Track schemas are defined based on the type of information they contain and the source of that information. For example, speech-to-text and closed captions are considered different tracks even though they both contain textual, and possibly similar, information.

Each track schema is assigned a unique identifier. A binder may contain multiple tracks but may only contain a single instance of a specific track schema.

Media

A media object 215 represents a specific rendition of the media essence. This object contains structured metadata that describes the following:

- The current location of the stored media file 219 that contains the video and audio samples for this version of the essence.
- The format of the media file; the algorithms and parameters used to encode the individual video and audio sample streams and the mechanism used to combine the streams into a single data file. This information precisely resolves the compatibility of the media version with a specific device or system.

The media object owns the associated media file, regardless of the location of that media file. If the media object is deleted or otherwise rendered unused, so is the associated media file.

Store

A store object 217 represents unstructured data that is associated with the media asset 215 that does not fall into the categories of data to be included in a label 211, track 213, or media 215. A store typically contains the data produced by other applications such as spreadsheets, word processing documents or graphics. The data contained within the store is only meaningful to the application that created the data or an application that recognizes the document type. The data may be stored internally within the metabase such as in content cache 321, or in an external file such as at 221. In either case the store object owns the associated data; if the store is deleted from the database so is the associated data.

Behavioral Objects

A rule 202 is an object which is applied to a node such as folder 201 or binder 203 and governs the behavior of that node during its lifetime. If a rule is not explicitly attached to a node, the node inherits the rule from its nearest ancestor. Rules fall into several categories, an inexhaustive group of which is seen below:

Access

The access rule determines the permissions granted to a user or group of users. The permissions allow that user or group to read, write, or delete the associated node or to change the permissions granted to other users.

Schema

The schema rule determines the label and track metadata templates that are automatically added to a binder. This rule is typically applied to a folder. When a binder is created within that folder, an instance of each metadata schema is added to the binder. A schema containing objective metadata is populated automatically by extracting the appropriate information from the media essence, discussed previously. Subjective metadata schemas are populated manually by a user based on their perception of the media. This can be done by keyboard entry into the metabase, or by entry into some other application and then into the metabase as a label.

Renditions

The rendition rule determines the additional versions of the media essence that are required by other systems, applications or devices within the domain.

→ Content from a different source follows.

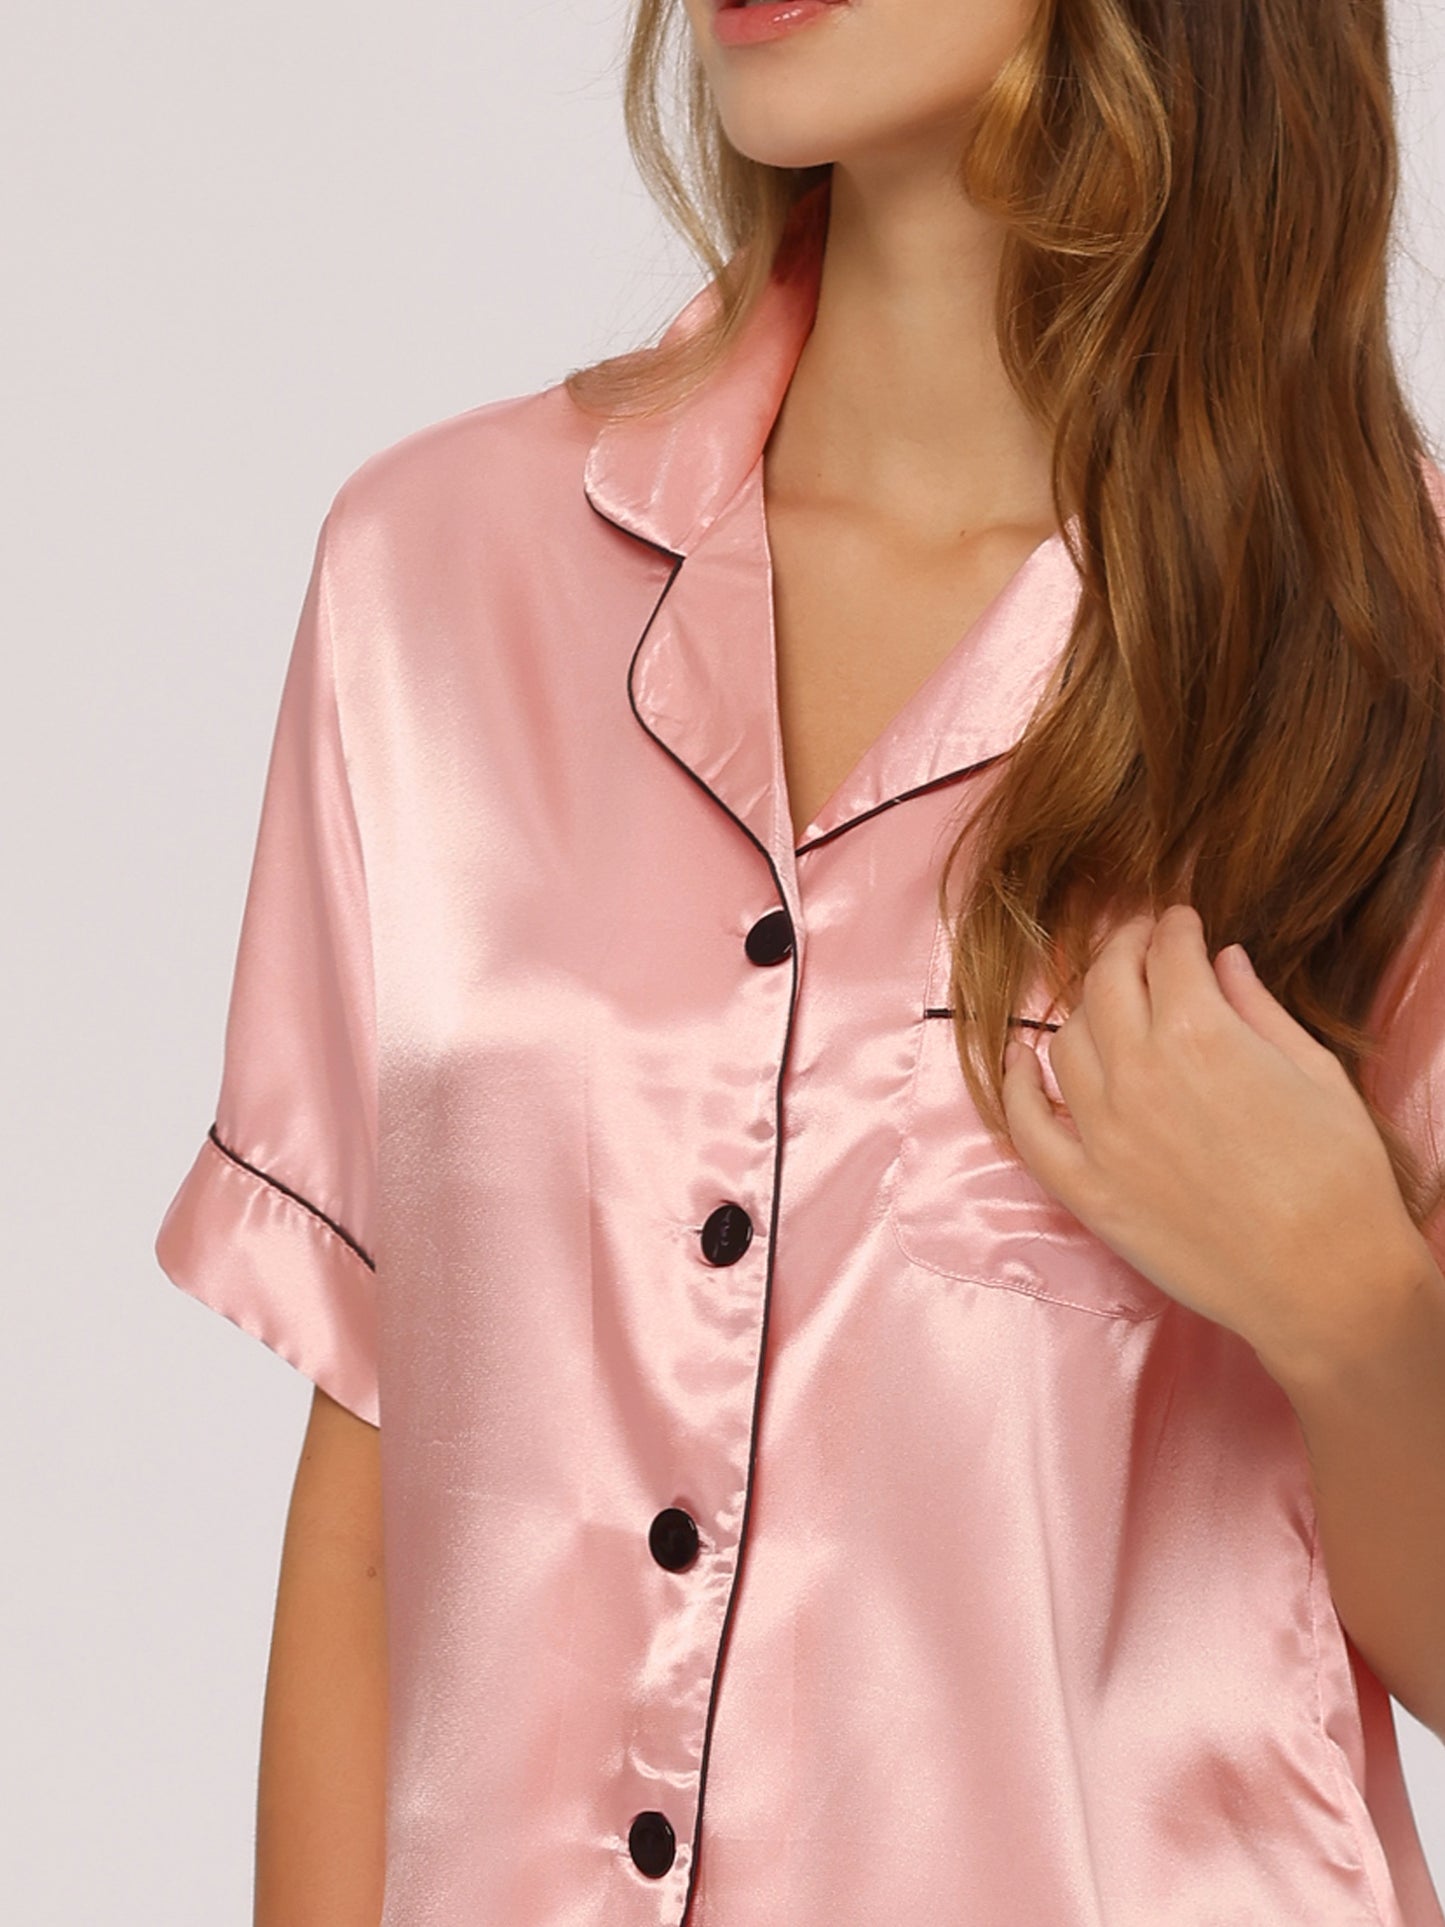 cheibear Satin 2pcs Lounge Sleepwear T-Shirt and Shorts Polka Dots Pajama Sets Pink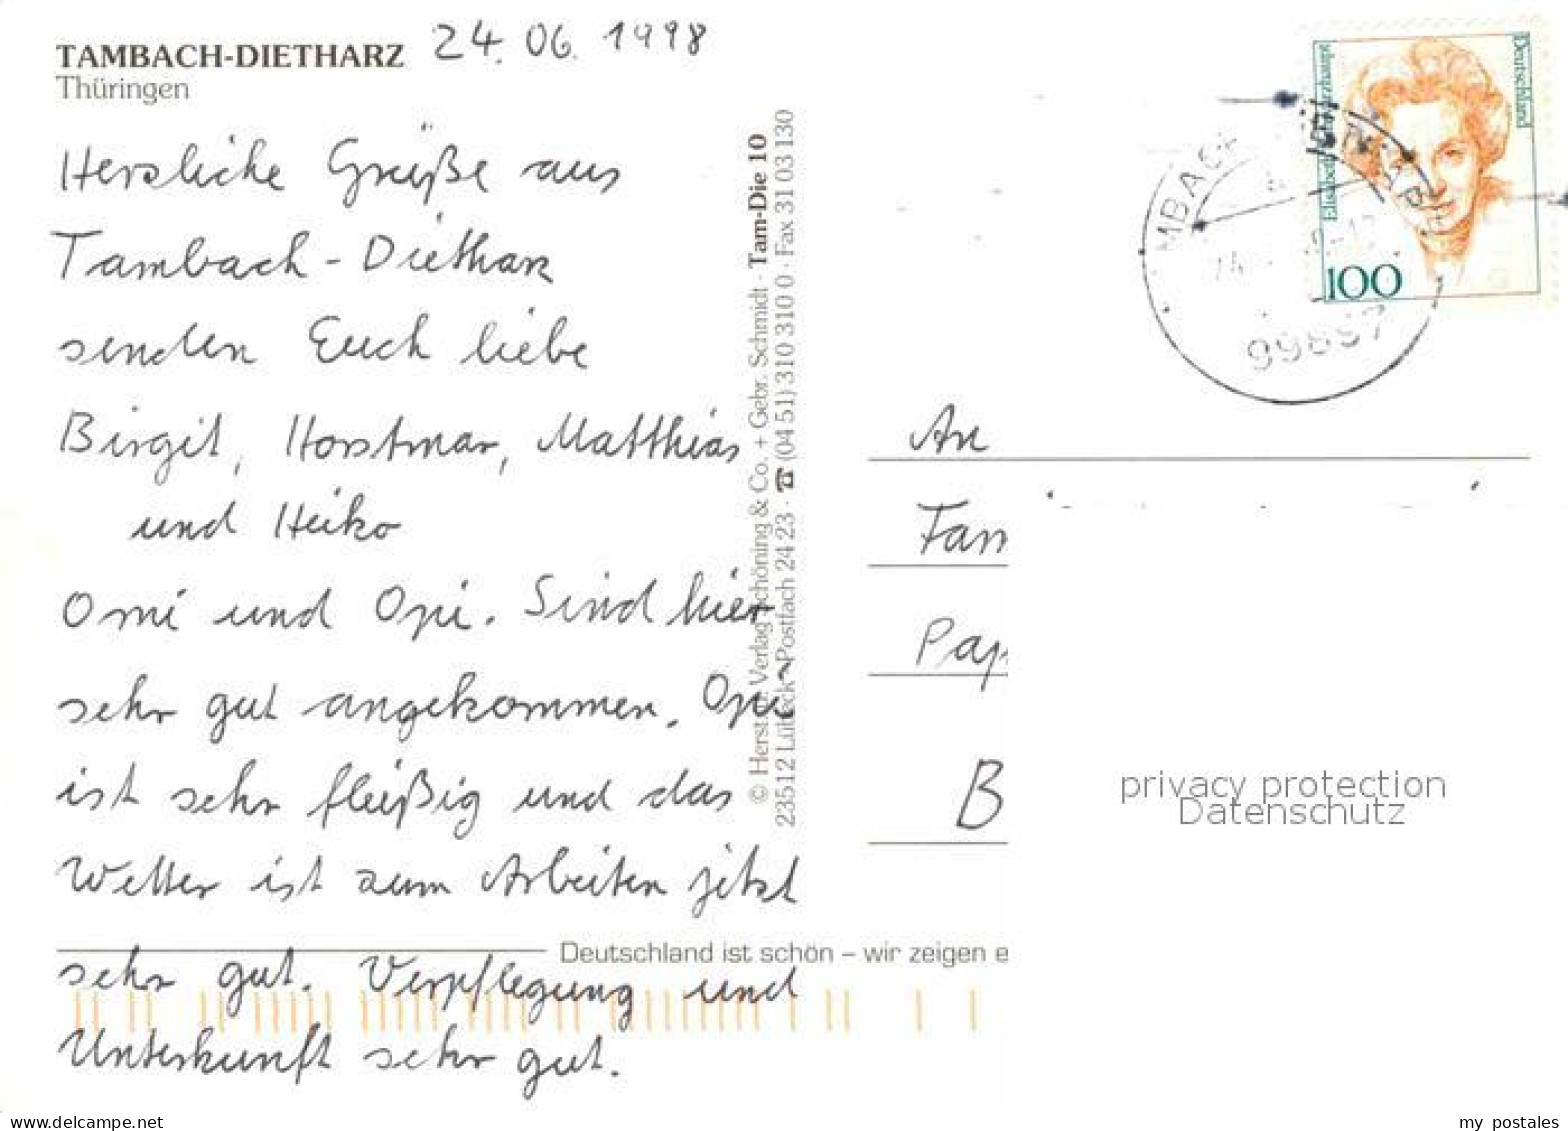 72639700 Tambach-Dietharz Panorama Hoegstrasse Alte Talsperre Wappen Tambach-Die - Tambach-Dietharz

Each rendition is created by translating the original media essence, defined above, to a new file using a different file format and encoding parameters. The file location and format metadata are then added to the binder in the form of a media object.

A version may be created automatically when the associated binder is created, or on demand from another application or device. A version may be stored at a specific location or within a pool of storage that has been allocated for use by the metabase.

Storage

The storage rule assigns pools, or depots, of physical storage space to specific folder. When a new rendition of a media asset is created, the storage space required for the media file is allocated from one of the available depots. Each depot defines the physical location of the storage, the available storage space and the methods that may be used to access the storage space. For example, media files contained in a disk folder (e.g. C:\MyFolder) might also be accessible through FTP or HTTP network protocols.

Storage depots may be added or removed from a metabase folder as the storage configuration of the domain changes.

Expiration

The expiration rule controls how long a media asset remains within the domain and the disposition of each rendition when that asset expires. This duration is created by the user based on the application or on the media type. For example, it the application is incoming news for a television broadcast, the duration may be only one day inasmuch as news loses its value as news after a certain length of time, for example a day.

If and when a binder 203 reaches its expiration date, the media objects within the binder are examined. The disposition of the object determines if the associated media file is:

- Permanently deleted. The media object is removed from the binder.
- Moved to an archive device such as a tape library, CD or DVD. The media object is modified to indicate the new location of the media file within the archive.
- Retained indefinitely.

Following the disposition of the renditions, if all of the media objects have been removed the binder is removed from the metabase.

Physical Structure

The metabase has a physical structure and implementation. The metabase is implemented as an operating system service, seen generally in FIG. 3, that may be accessed using one or more network protocols or programming interfaces. The information contained within the metabase is stored using extensible Markup Language (XML) and manipulated using standard XML processors and techniques.

Organizational Elements

Objects that form the organizational structure of the metabase can be contained within a single XML directory document. Each folder 201 and binder 203 object of FIG. 1 is represented by a corresponding XML element. The hierarchical organization of the metabase is reflected by the nesting of these elements as shown below:

<?xml version=“1.0” encoding=“UTF-8”?> <folder name=“Live”> <folder name=“MSNBC”> <binder name=“Evening News” uuid“{00000000-0000-0000-0000-000000000000}”/> </folder> </folder>

Each node element has a name attribute, shown above, which must be unique within the parent element. The location of a node is then uniquely identified by its path within the metabase, for example:

- /Live/MSNBC/Evening News

The path may be expanded to the equivalent XPath notation as:

- /folder[@name=‘Live’]/folder[@name=‘MSNBC’]/binder[@name=‘Evening News’]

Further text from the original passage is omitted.